Аэций, последний римлянин - Теодор Парницкий
Шрифт:
Интервал:
Закладка:
Начался этот день бешеной погоней за людьми одного из взбунтовавшихся вождей, который по наущению вероломного королевского брата Оэлорса напал на самые лучшие стада Ругилы, пастухов перебил, часть овец нарочно перерезал, а остальных погнал в город Сопиану, чтобы быстрее продать римским торговцам из Норика. Только к полудню король и те из его людей, у кого были лучшие кони, увидели в каких-нибудь ста стадиях[15] огромную тучу пыли, поднятую на старой римской дороге Геркулия — Сопиана угнанным стадом. С диким воем, не считая, сколько их есть, бросились преследователи на восемьсот всадников мятежного вождя: в ожесточенной схватке наибольшую смелость, а особенно огромную мощь руки проявил римский заложник, бившийся рядом с Ругилой и не отступавший от него ни на шаг. Сначала превосходство было на стороне преследуемых, но через некоторое время начали прибывать основные королевские силы: стадо отбили, большинство кинувшихся бежать людей было перебито; но Ругиле этого было мало. Проведав, что сам мятежный вождь в ожидании угнанных у короля овец стоит со всеми своими женами и детьми в маленьком городке на берегу озера Пельсо, неутомимый и все еще пышущий местью Ругила помчался со своими людьми на запад, к озеру: городок (одно из немногих римских поселений, которое чудом еще уцелело в дотла выжженной гуннами Валерии) сровнял с землей, вождя, который закрылся в христианском храме, сжег живьем вместе с женами, детьми, христианскими жрецами и церковью…
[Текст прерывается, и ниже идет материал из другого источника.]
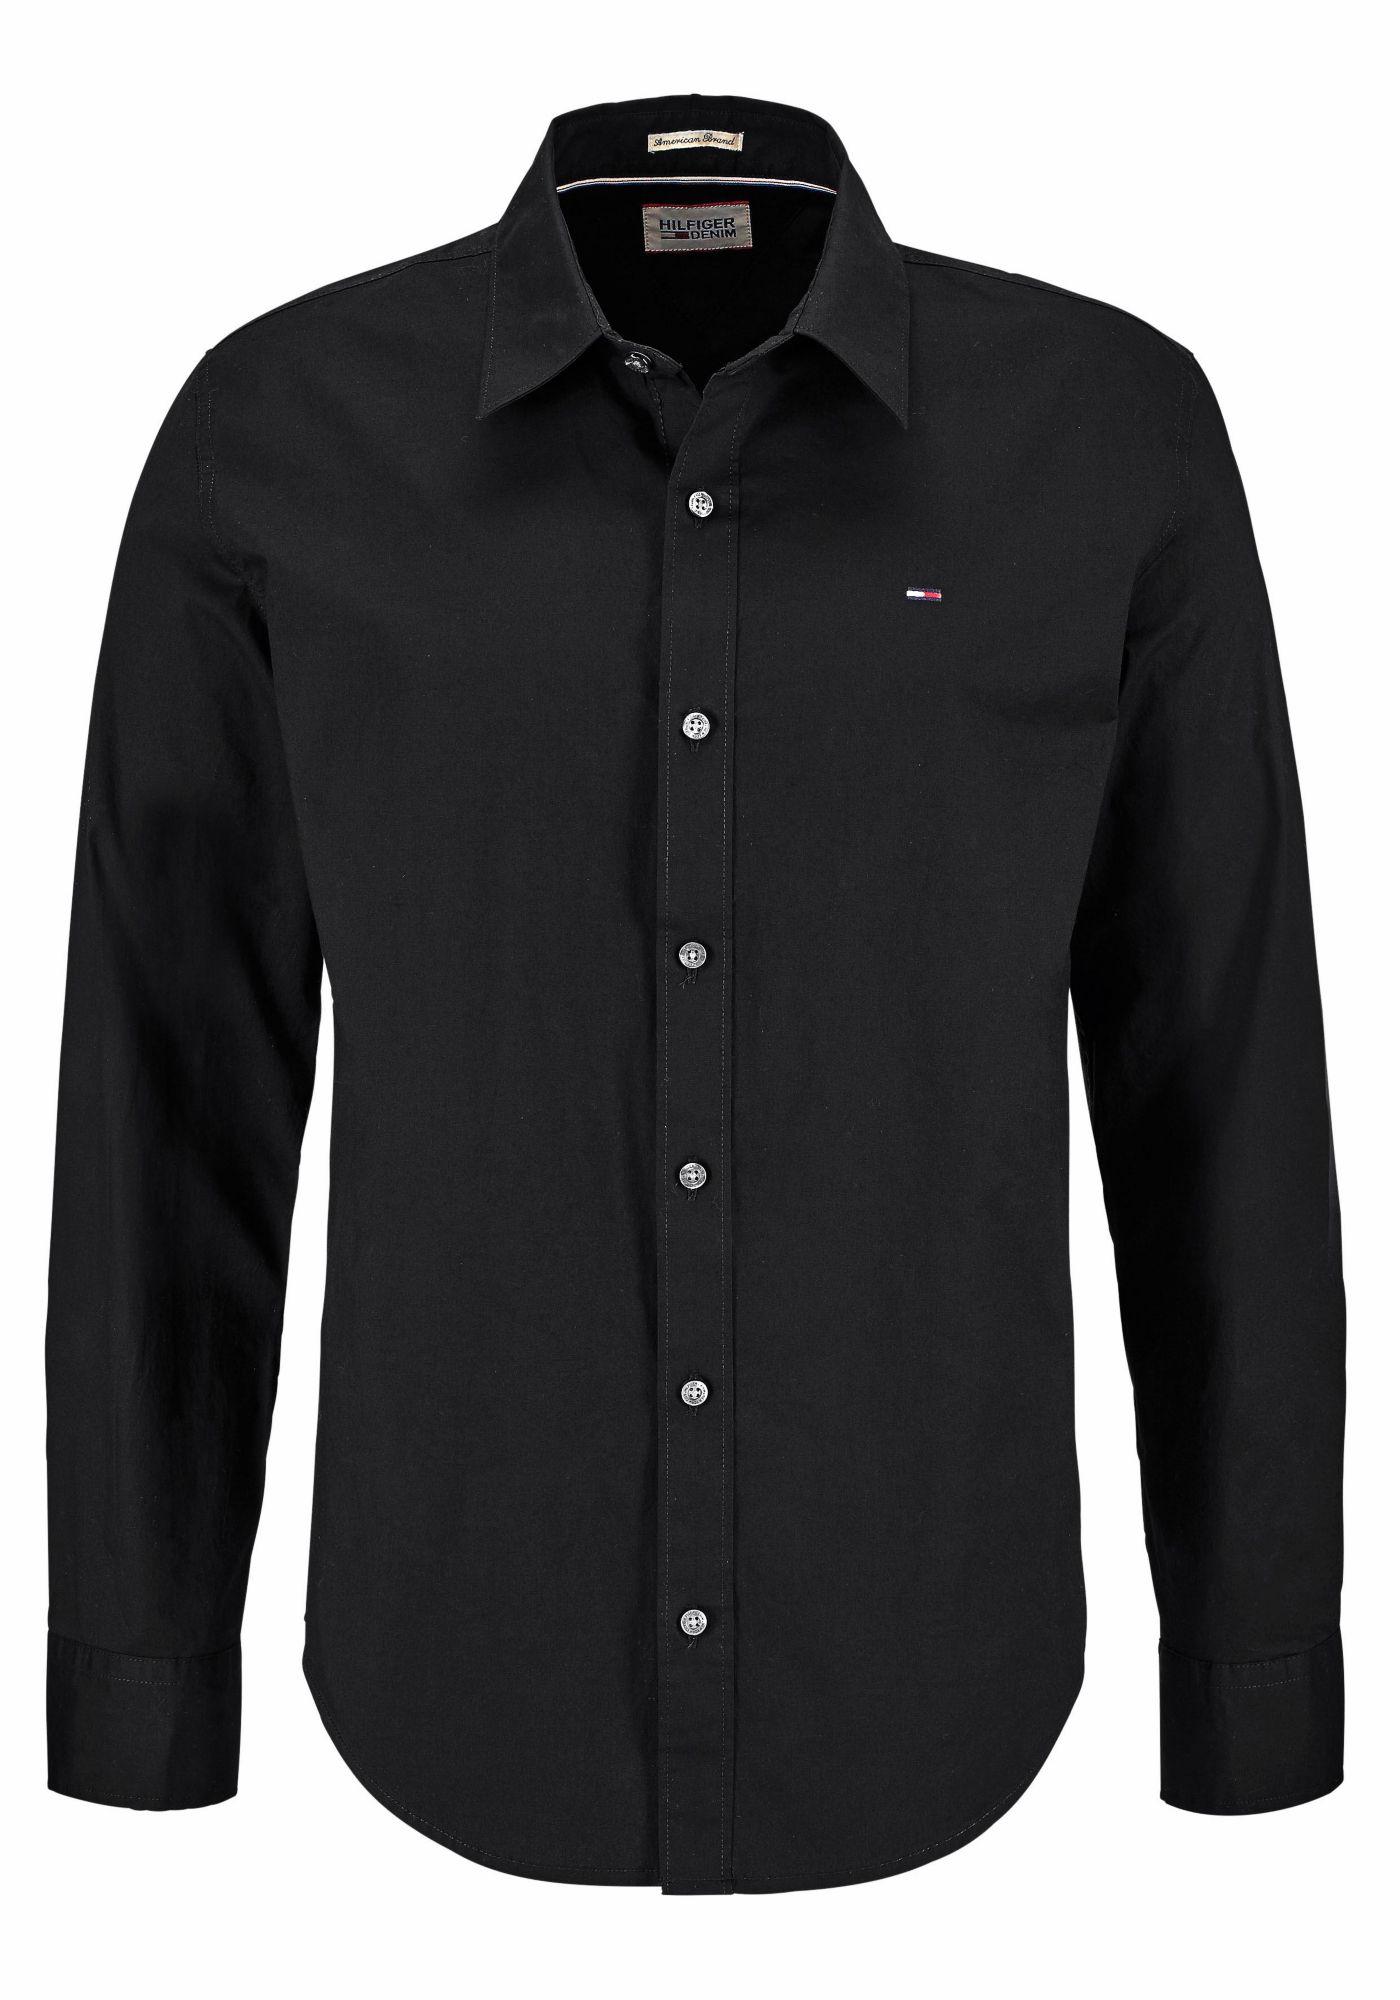 HILFIGER DENIM Hilfiger Denim Hemd »Sabim Shirt«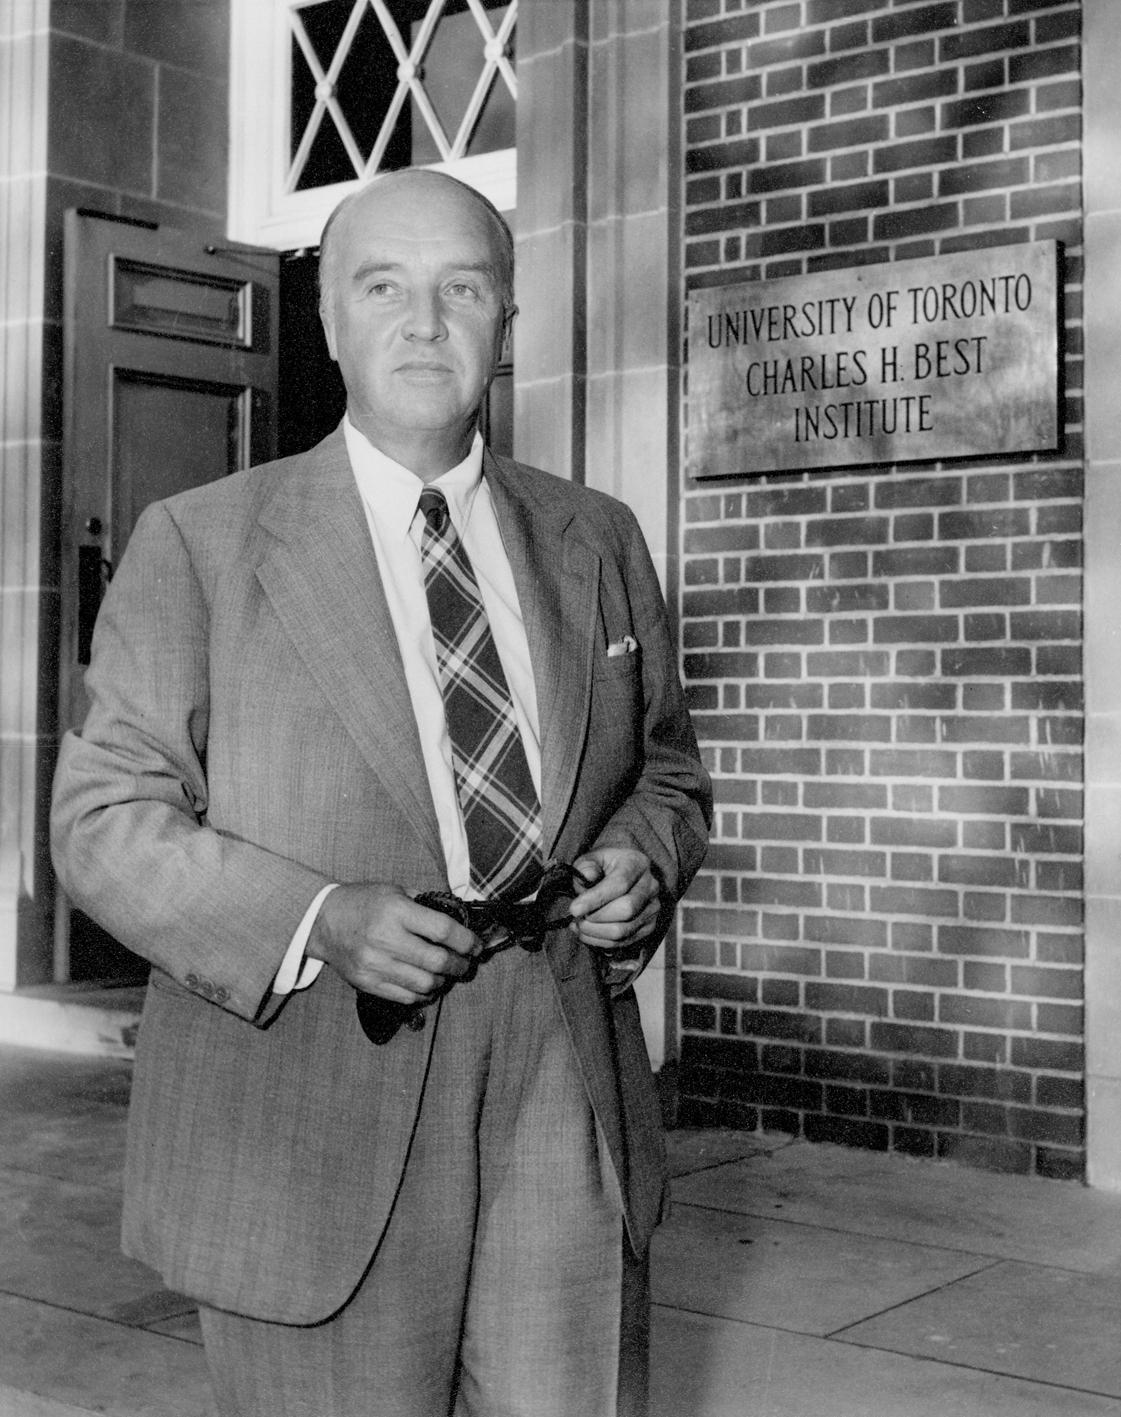 Dr. Charles H. Best

В этом набеге на город и сожжении церкви римский заложник принимал самое деятельное участие, чем завоевал безграничную любовь короля и без того давно уже к нему расположенного. Но что особенно покорило владыку гуннов — он чуть по земле не катался от радостного дикого смеха, — так это мужская сила, верность глаза и руки римлянина: когда насиловали взятых в городке женщин, ни один гунн не мог похвалиться таким числом лишенных девственности девиц, как он; когда живьем взятых людей мятежного вождя привязали к деревьям и стреляли в них из лука, также никто не мог с ним сравняться в количестве метких попаданий. Но это еще не все: когда уже возвращались в королевский лагерь, перед самым заходом солнца представилась неожиданно великолепная возможность поохотиться: из лесу вдруг выскочил огромный кабан, и, прежде чем успел, нырнув в высокую траву, пробежать часть открытого пространства, дорогу ему уже преградили несколько воинов. Трое из них пали под ударами мощных клыков, однако четвертый ловким броском копья пробил чудовищу глаз, а потом, схватившись насмерть, повалил его метким и сильным ударом короткого меча. И снова это был римлянин! Король Ругила долго не мог прийти в себя от восхищения: уже давно он знал его, любил и отдавал должное, но такого никак не ожидал! Он пригласил заложника к себе на ужин, собственными руками разрывал тут же в шатре жаренную на огне баранину и подавал лучшие куски римлянину и наконец удостоил его высочайшего знака королевской милости: велел остаться на ночь в королевском шатре.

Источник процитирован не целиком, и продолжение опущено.